Environment Variables

Required in production:

VariableDescription
ANTHROPIC_API_KEYRequired if using Anthropic models
OPENAI_API_KEYRequired if using OpenAI models
GOOGLE_API_KEYRequired if using Google models
OPENROUTER_API_KEYRequired if using OpenRouter
E2B_API_KEYRequired if using E2B sandboxes
SANDCASTER_API_KEYSet to enable Bearer token authentication

Sandbox Provider Considerations

E2B provides managed, fast-starting sandboxes with no infrastructure to operate. Best choice for production cloud deployments.

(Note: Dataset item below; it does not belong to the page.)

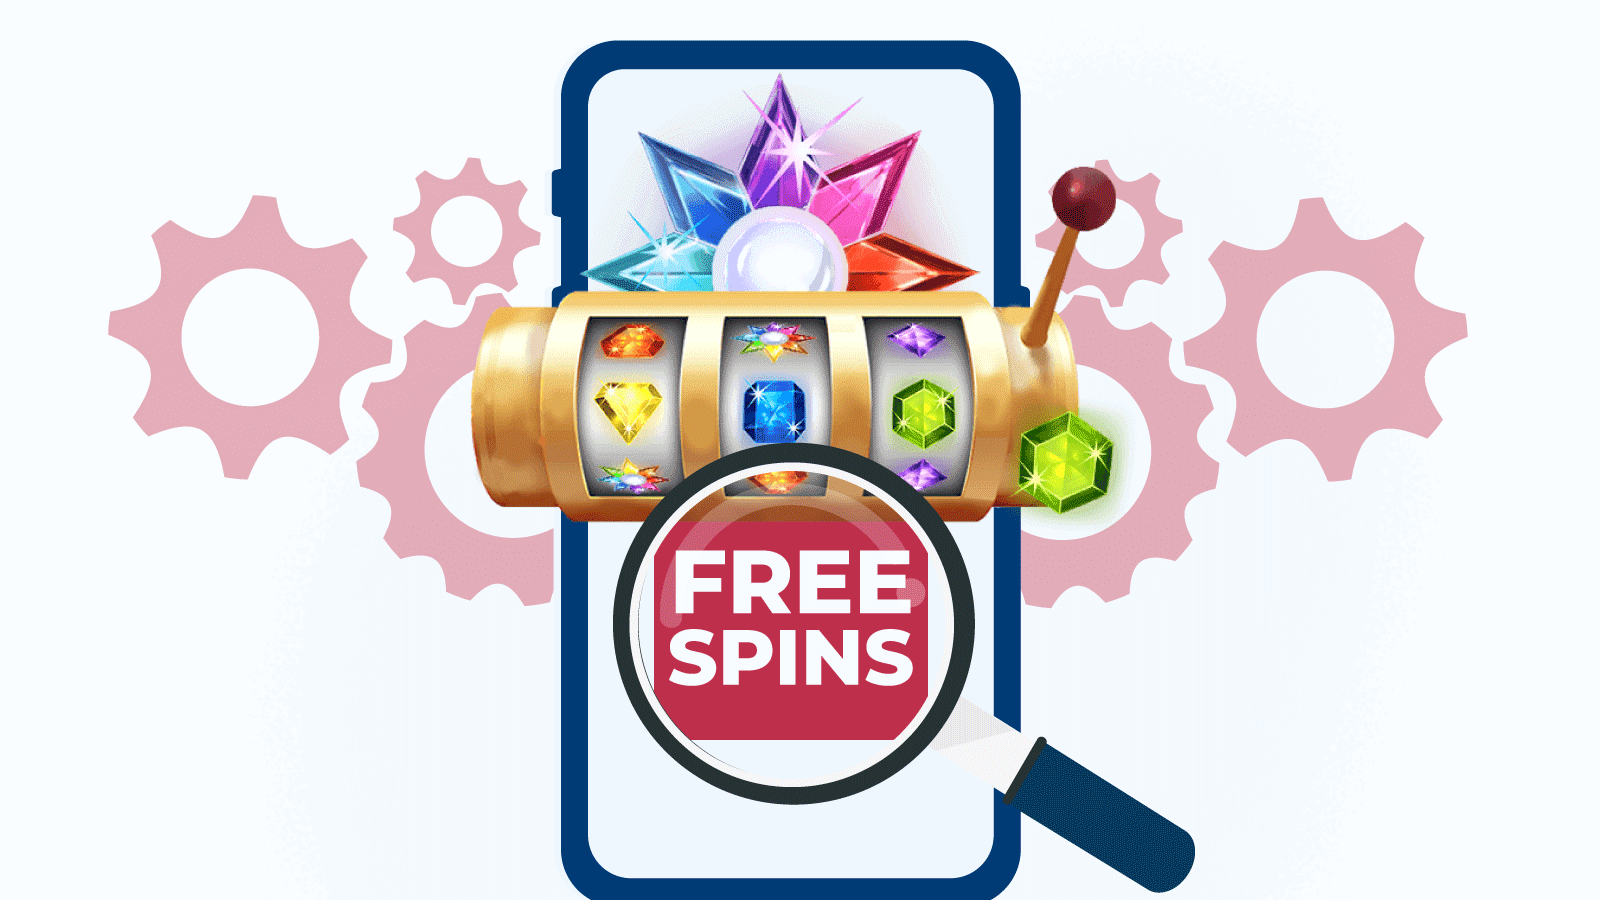 Free spins on Starburst no deposit mobile casinos

  • Set E2B_API_KEY in your environment
  • Monitor quota usage in the E2B dashboard
  • Register the E2B webhook URL (/webhooks/e2b) for sandbox lifecycle events

Docker runs sandboxes as containers on the same host as the server. Good for on-premise deployments where data must not leave your infrastructure.

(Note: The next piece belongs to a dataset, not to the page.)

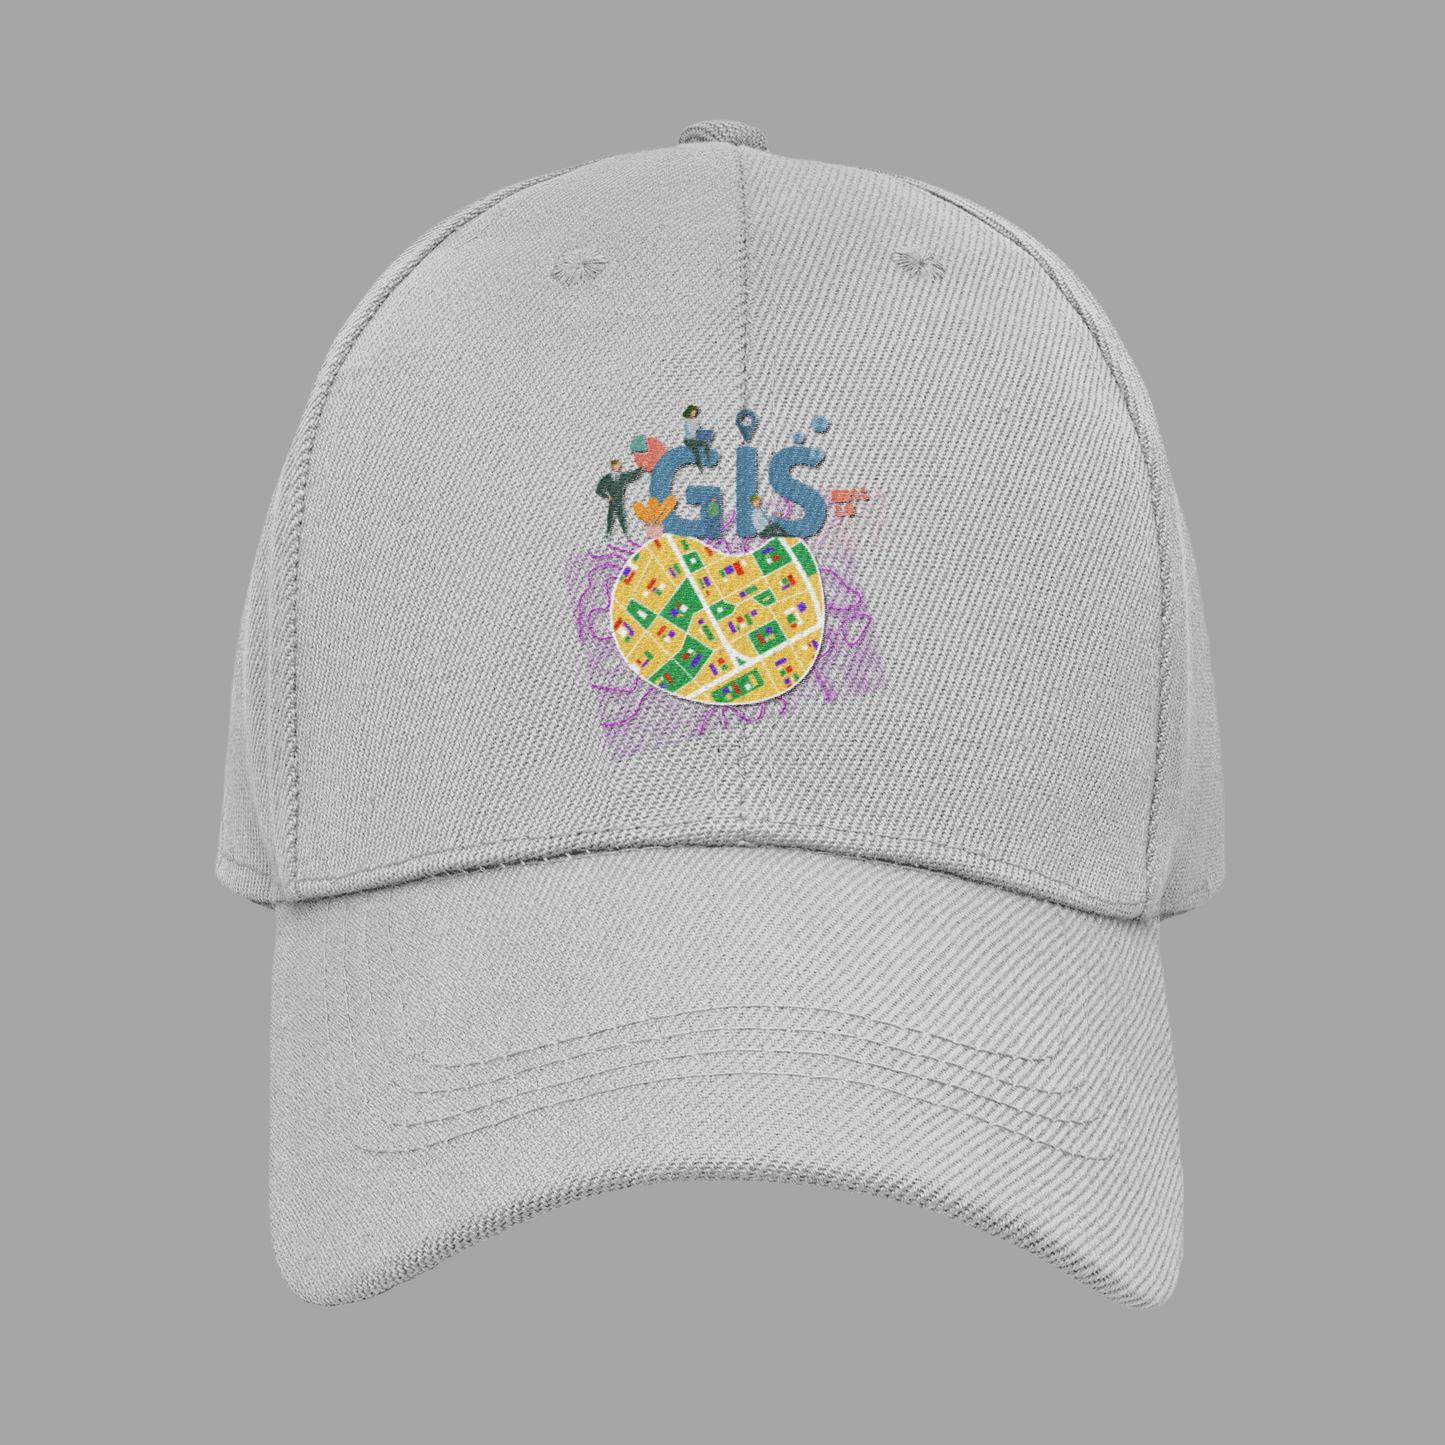 GIS CAP

  • Docker must be installed and the socket must be accessible
  • Size the host appropriately for your expected concurrency
  • Sandboxes are torn down after each run — no persistent container state

Security

API Authentication

Enable Bearer token auth by setting SANDCASTER_API_KEY. All clients (SDK, curl, etc.) must include the token in the Authorization header. Without this variable set, the server accepts all requests.

Sandbox Isolation

Every agent run executes in an isolated sandbox with:

  • Its own filesystem (no access to the host or other sandboxes)
  • No persistent state between runs
  • Resource limits enforced by the sandbox provider (CPU, memory, network)

Network Exposure

In production, place the server behind a reverse proxy (nginx, Caddy, Cloudflare Tunnel) rather than exposing it directly to the internet. This lets you terminate TLS, apply rate limiting, and restrict access at the network edge.

Monitoring

Health Check

curl http://localhost:8000/health

Returns {"status":"ok","version":"..."}. Use this as a liveness probe in Kubernetes or a health check target in your load balancer.

Run History

curl http://localhost:8000/runs?limit=50 \
  -H "Authorization: Bearer my-secret-token"

Returns recent run metadata including status, cost, token usage, and timestamps. Useful for dashboards and debugging.

Logging

The server writes structured logs to stdout. Route stdout to your preferred log aggregator (Datadog, CloudWatch, Loki, etc.) for centralized monitoring.